For decades, birth rates in the U.S. have been declining, as they have in most of the economically developed world. Today, the birth rate among American women of childbearing age has dropped below the level needed to meet the country’s replacement rate. California’s birth rate is at its lowest in a century.

If the economy is to grow and prosper, as almost all Americans say they want it to, additional workers must come from somewhere else.
“It’s not in our macroeconomic interest to prevent unauthorized immigrants from working, because the U.S. population is aging,” said Julia Gelatt, associate director at the Migration Policy Institute, a nonpartisan think tank in Washington. “Because we haven’t had immigration reform to allow in more immigrants legally, people are just coming anyway, and they come in bigger and smaller numbers as our economy demands them.”

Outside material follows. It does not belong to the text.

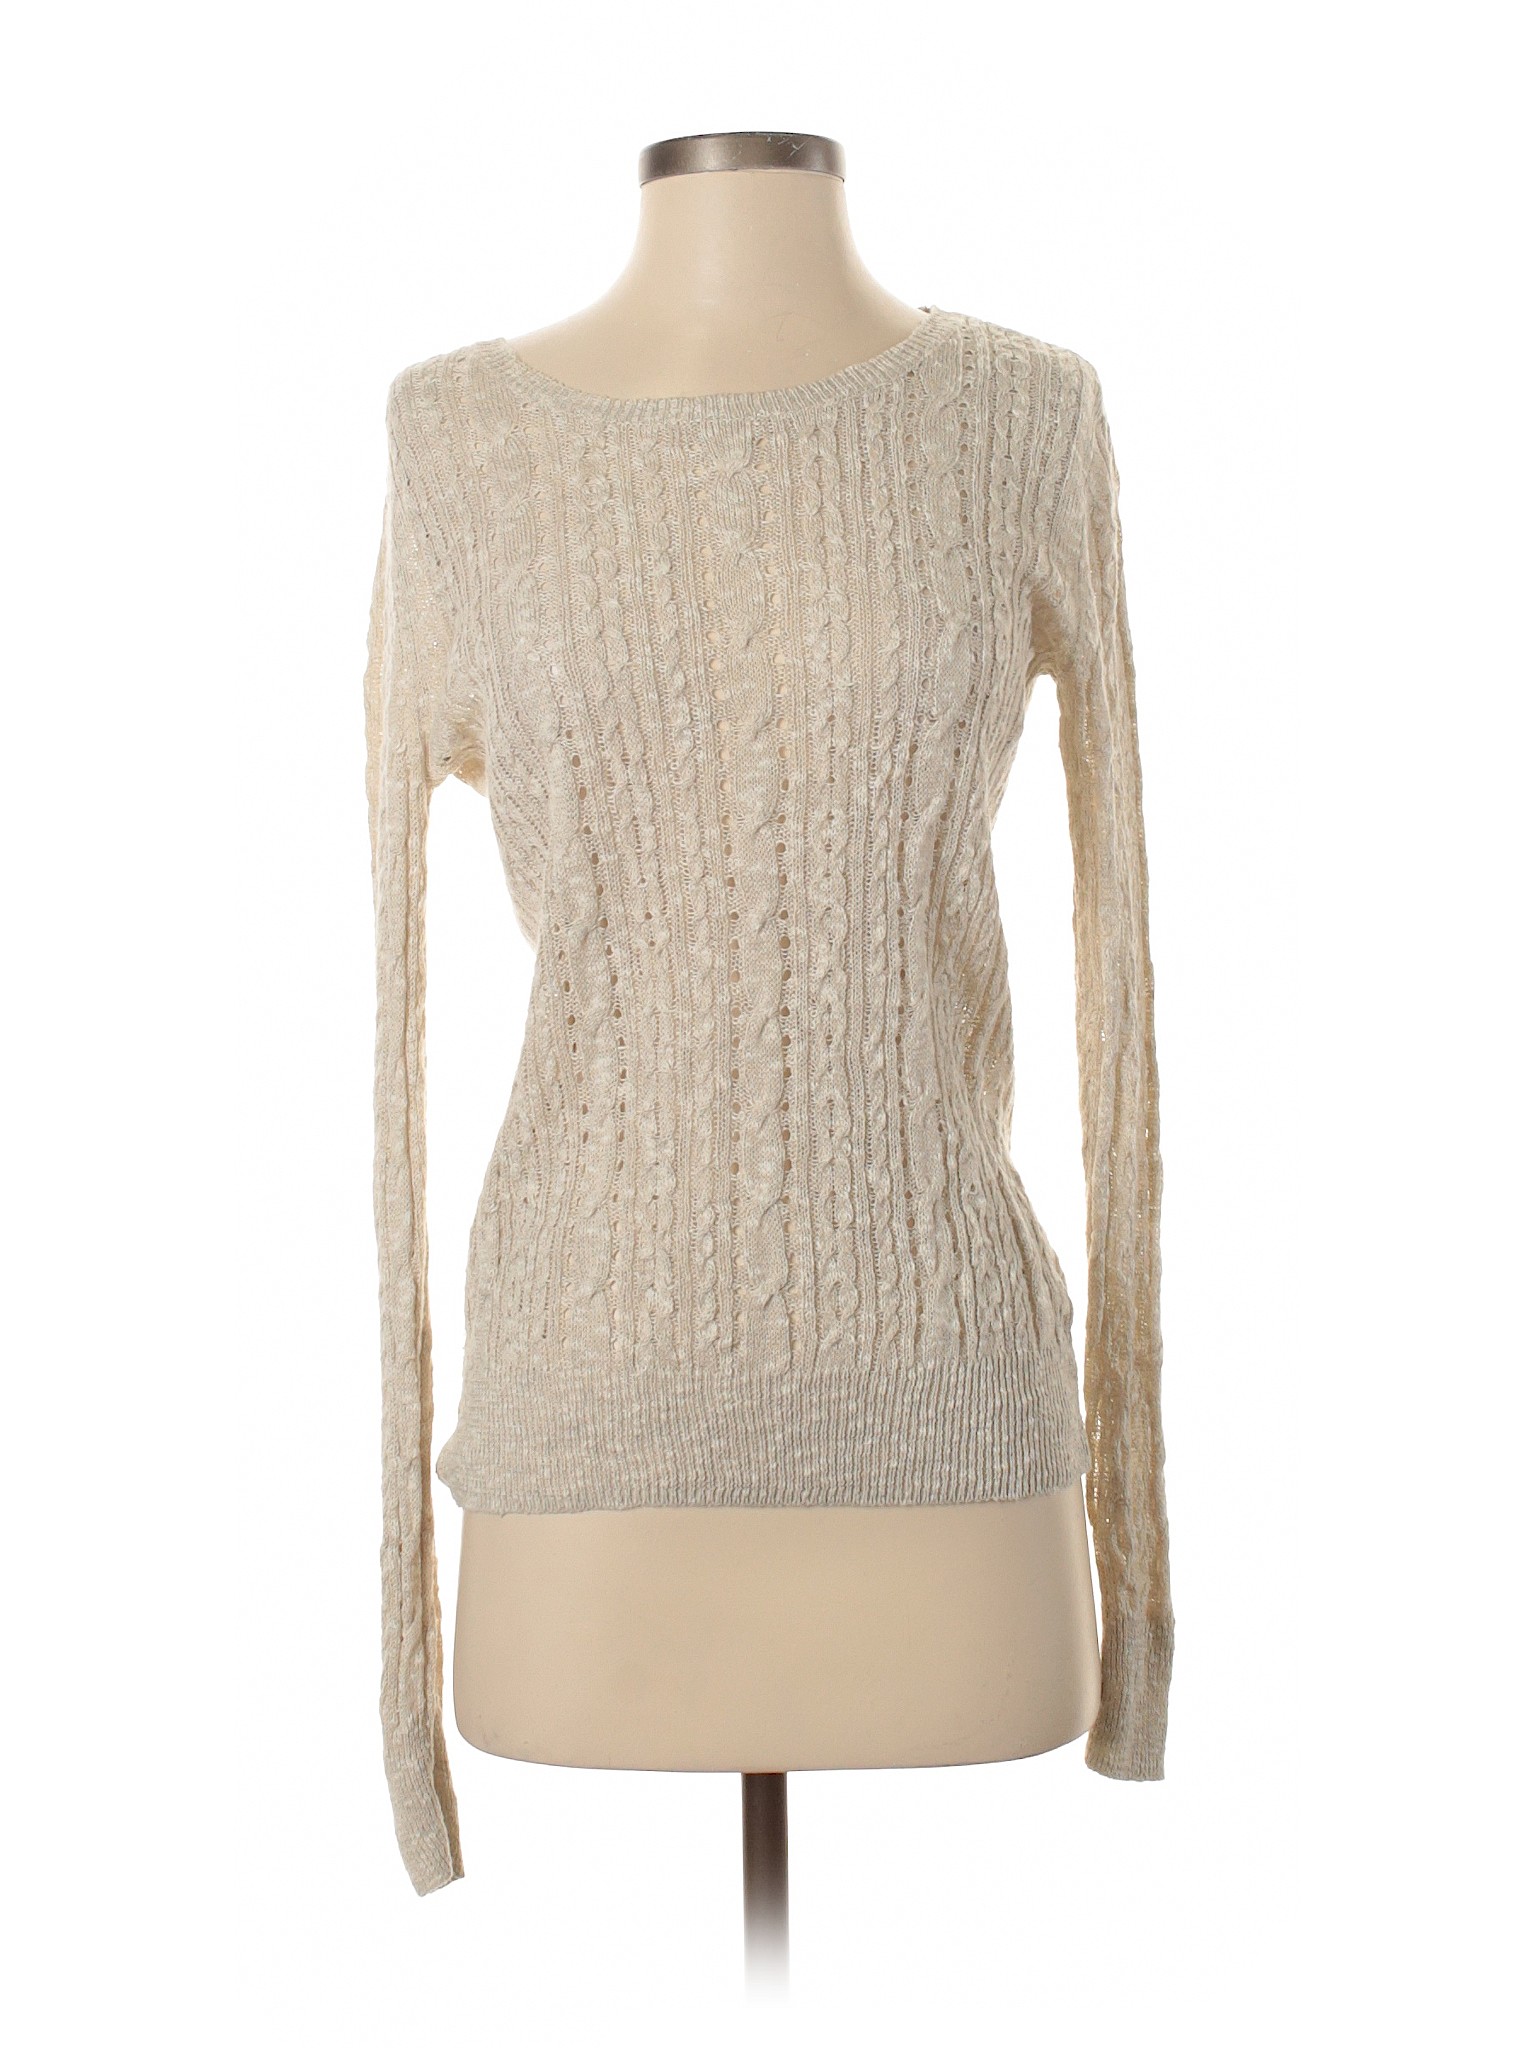 Cynthia Rowley TJX Women Brown Pullover Sweater S | eBay

David Bier, director of immigration studies at Cato, a conservative think tank, says there’s some evidence that large-scale immigration has kept the country out of recession and increased tax revenues, contrary to what Vance has said about undocumented immigrants draining Social Security funds. Most economists agree that new arrivals have been crucial in sustaining high employment by filling many job openings in recent years.

Immigrants, for example, many of them undocumented, make up 40% of California’s home healthcare and child day-care employment, according to The Times’ calculations of Census Bureau data. That, in turn, helps other moms to stay in the labor force.

“The whole idea that these workers are bad for native-born workers — there’s not much evidence for that,” Bier said.

Bottom line: Congress must act to pass a reorganization of our immigration laws so that all immigrants enter legally.

Barack Obama is a skilled orator, probably the best of our time. In this 3-minute clip, he asks the quintessential question. Trump says to Kamala, “You were there for four years, why didn’t you solve the border problem?” Obama asks of Trump, “Dude, you were there for four years, why didn’t you solve the problem?”

I follow whatever is posted by the Meidas brothers. They do a great job of pulling together clips from the campaign, to show you what’s happening.

This series of clips is an eye opener. It’s frankly disgusting to see the racist, anti-immigrant appeals that Trump and his surrogates deliver to the voters.

We used to pride ourselves on being a nation of immigrants. Now Trump wants us to see immigrants as murderers, rapists, and criminals.

He says he will invoke a law passed in 1798 to round-up millions of immigrants and deport them. Is this The Final Solution?

Can he be elected by serving up a steady diet of hatred and fear?